#### Task objective
Write out the listing below without alteration, omitting its pictures.

#### Dataset excerpt
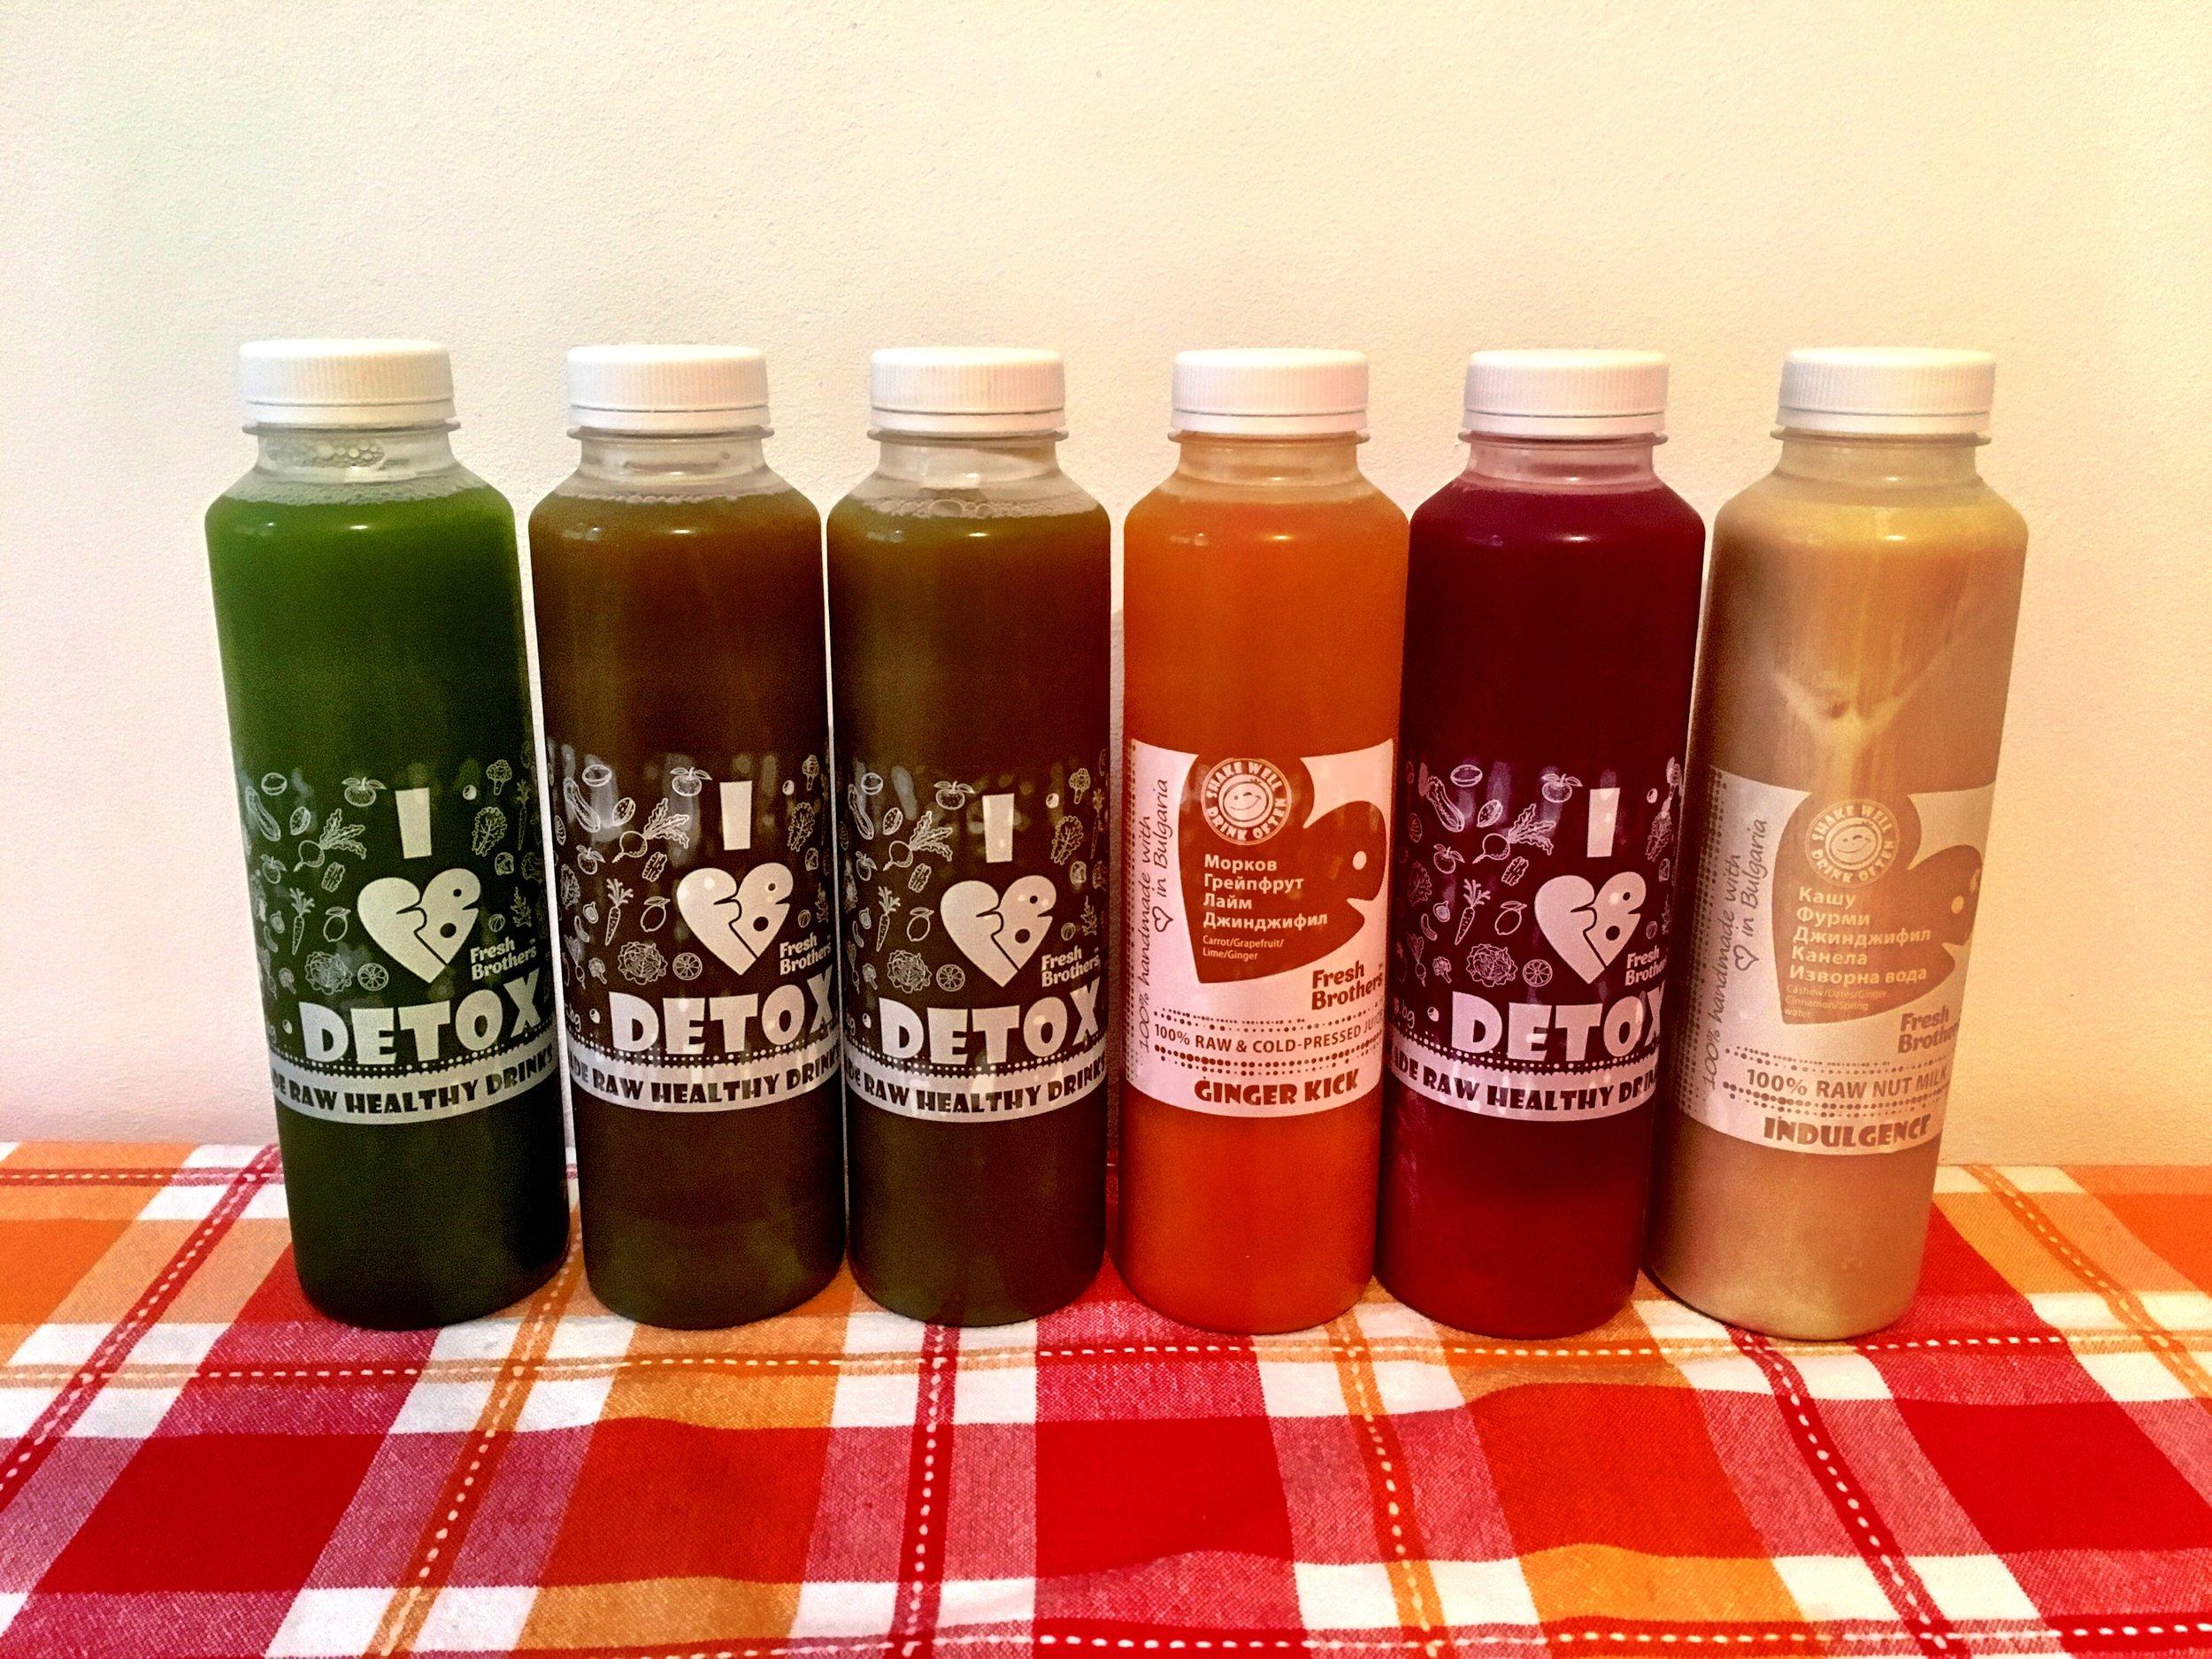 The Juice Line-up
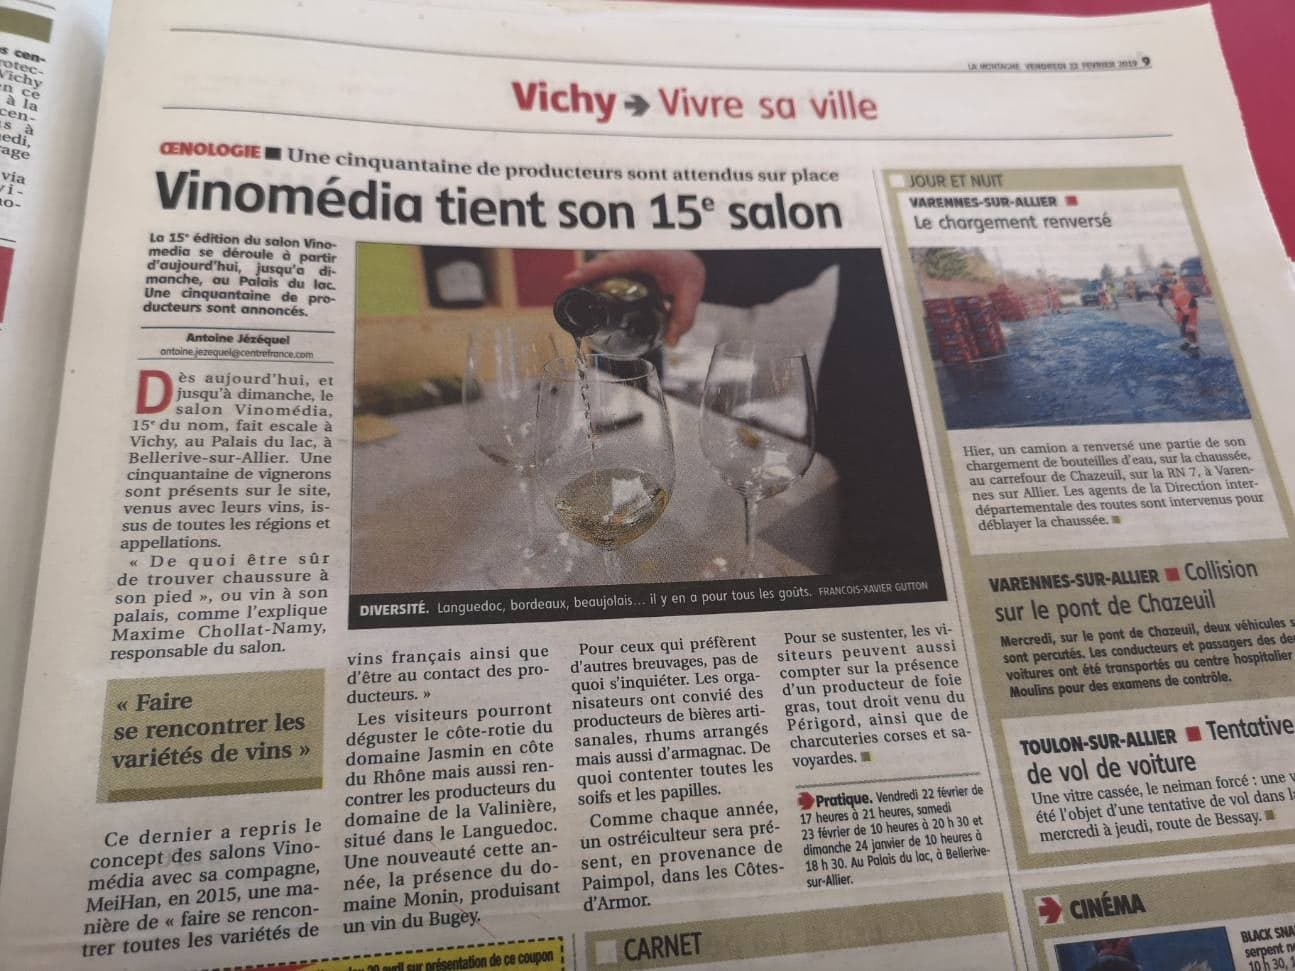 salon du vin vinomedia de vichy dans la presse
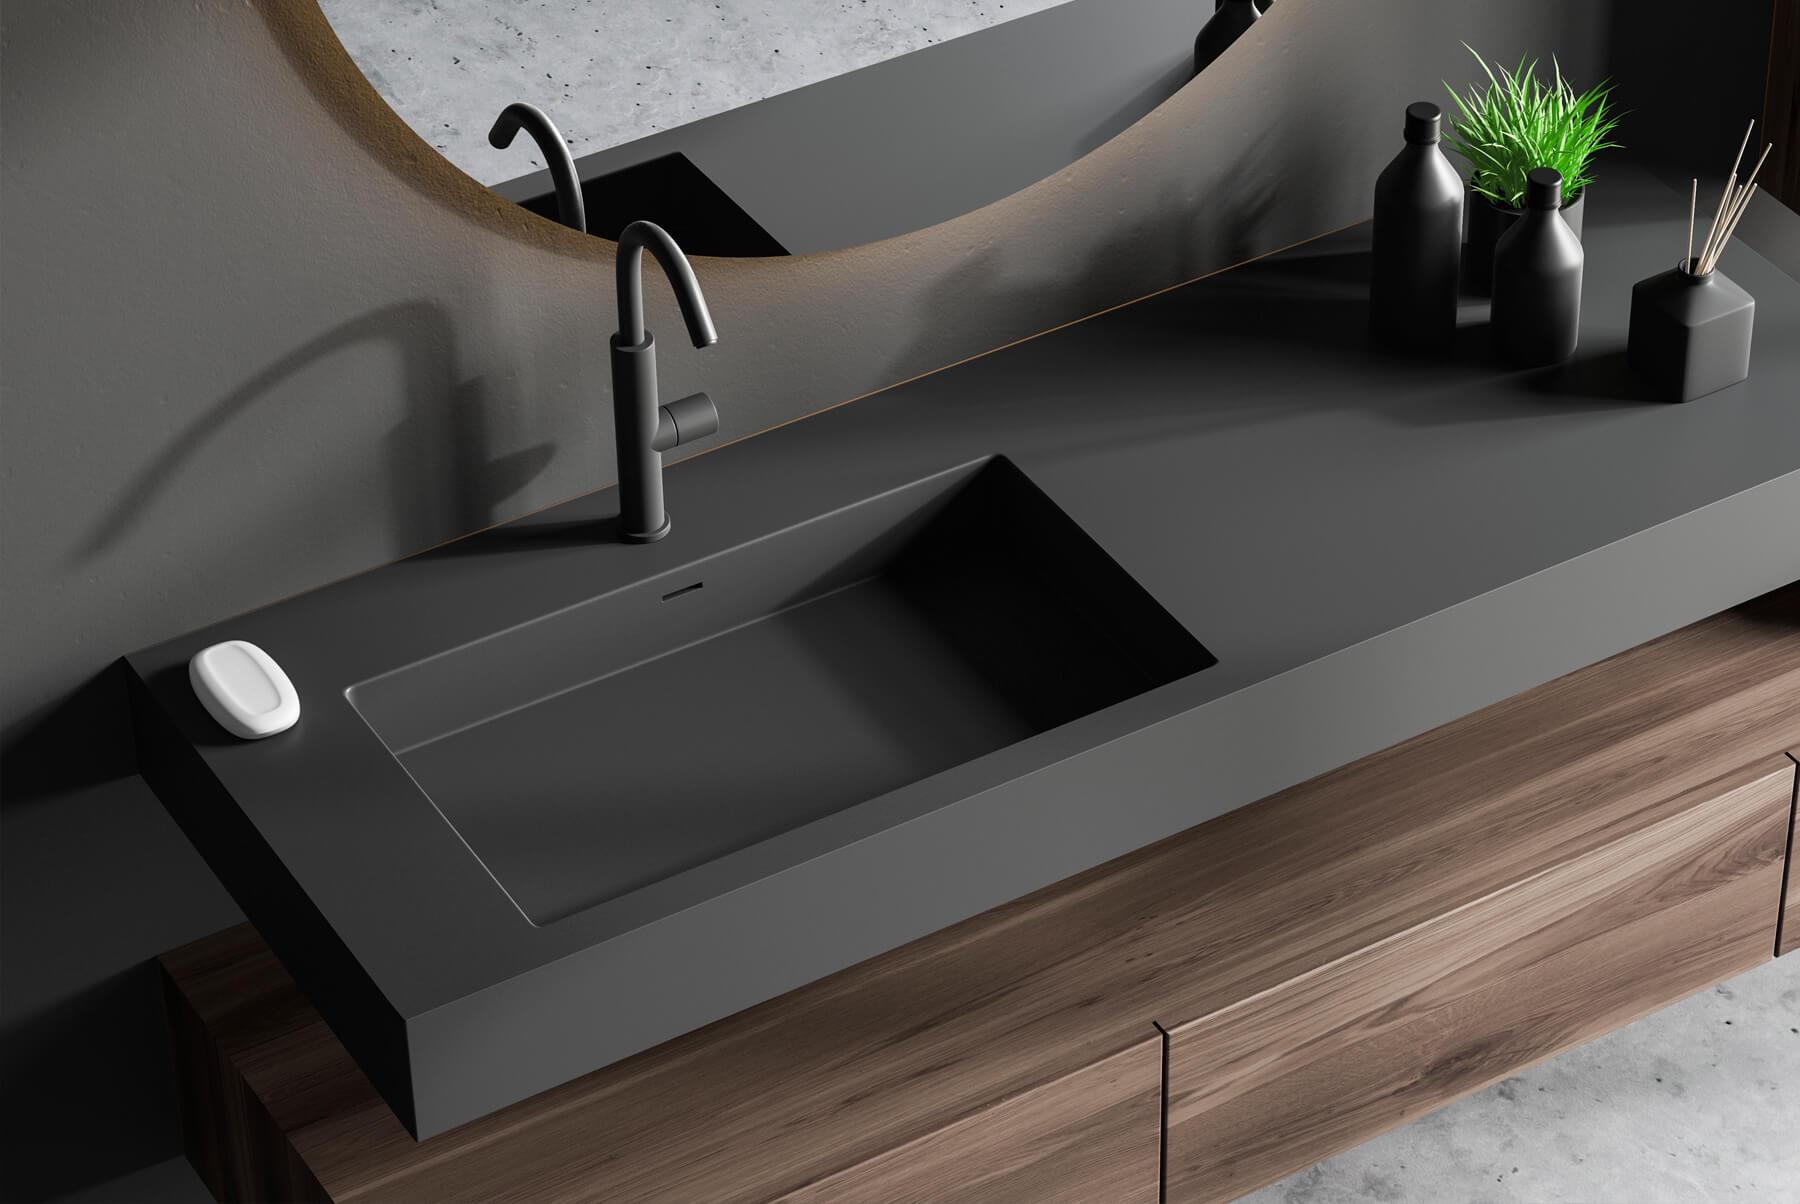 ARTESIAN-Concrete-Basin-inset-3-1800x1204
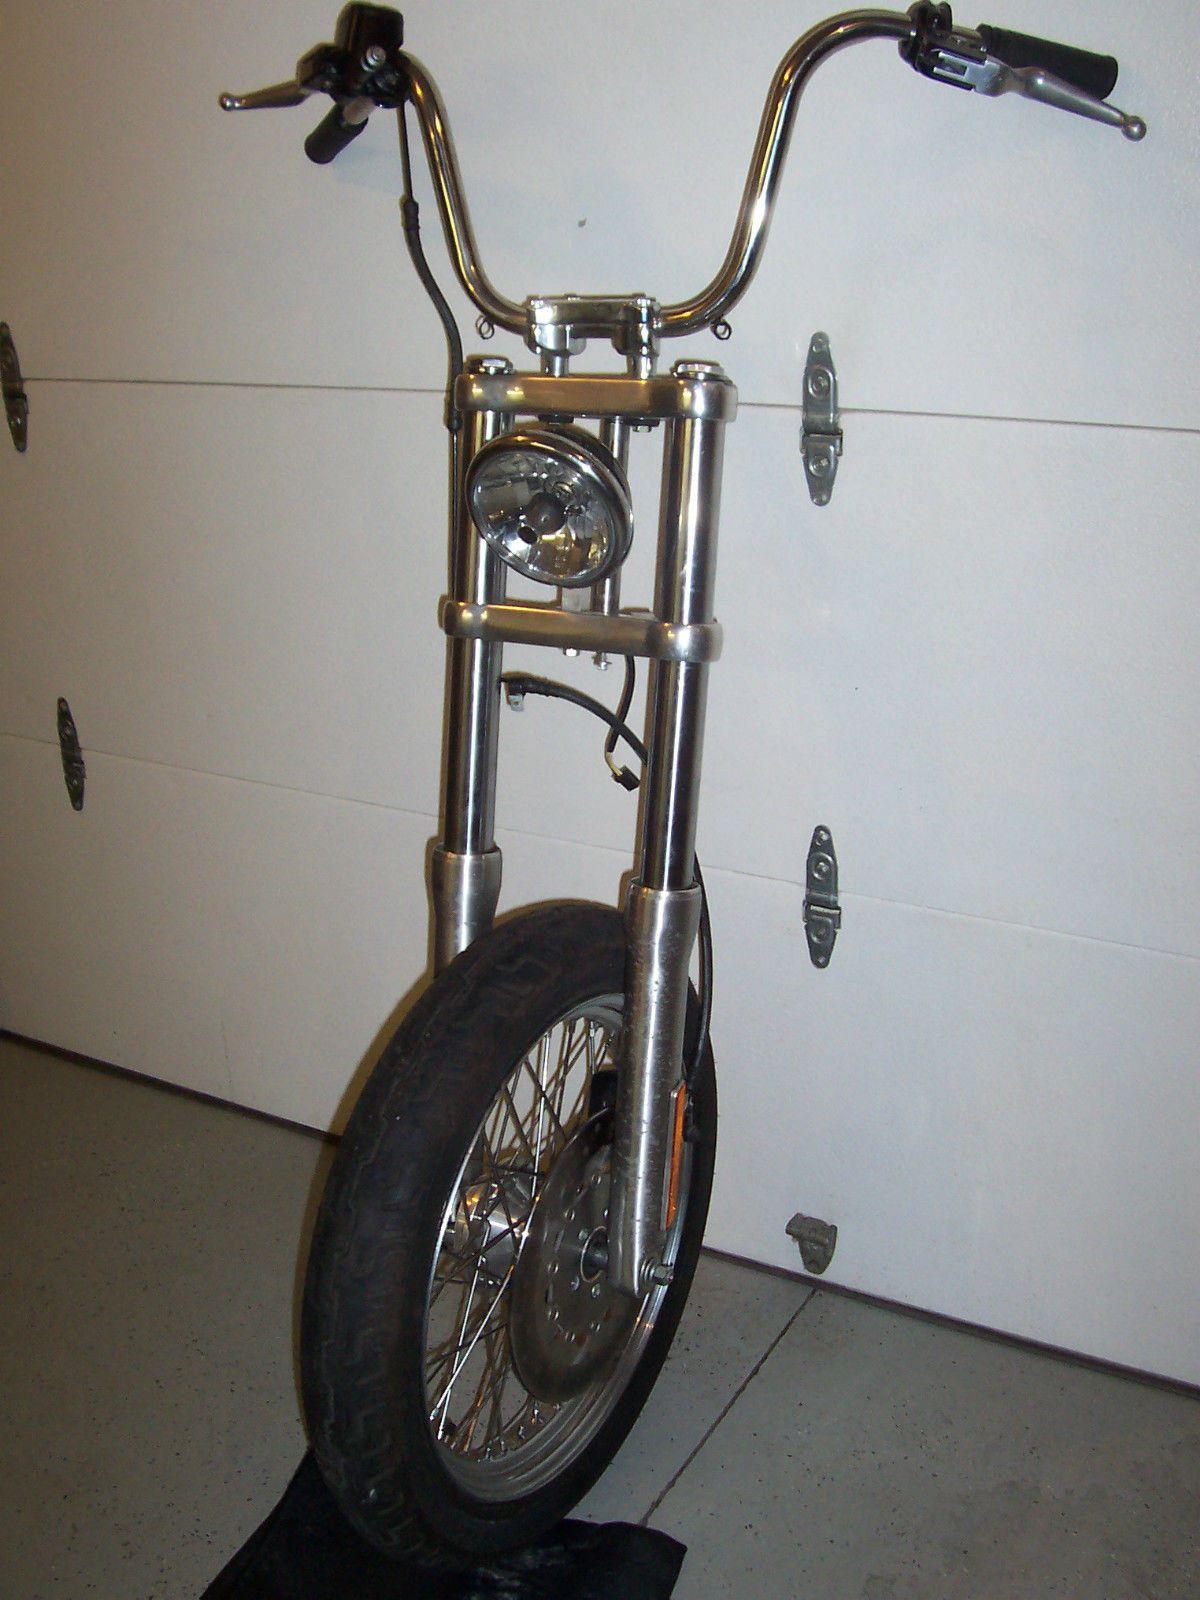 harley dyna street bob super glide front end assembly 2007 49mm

#### Exercise response
 The Juice Line-up
 salon du vin vinomedia de vichy dans la presse
 ARTESIAN-Concrete-Basin-inset-3-1800x1204
 harley dyna street bob super glide front end assembly 2007 49mm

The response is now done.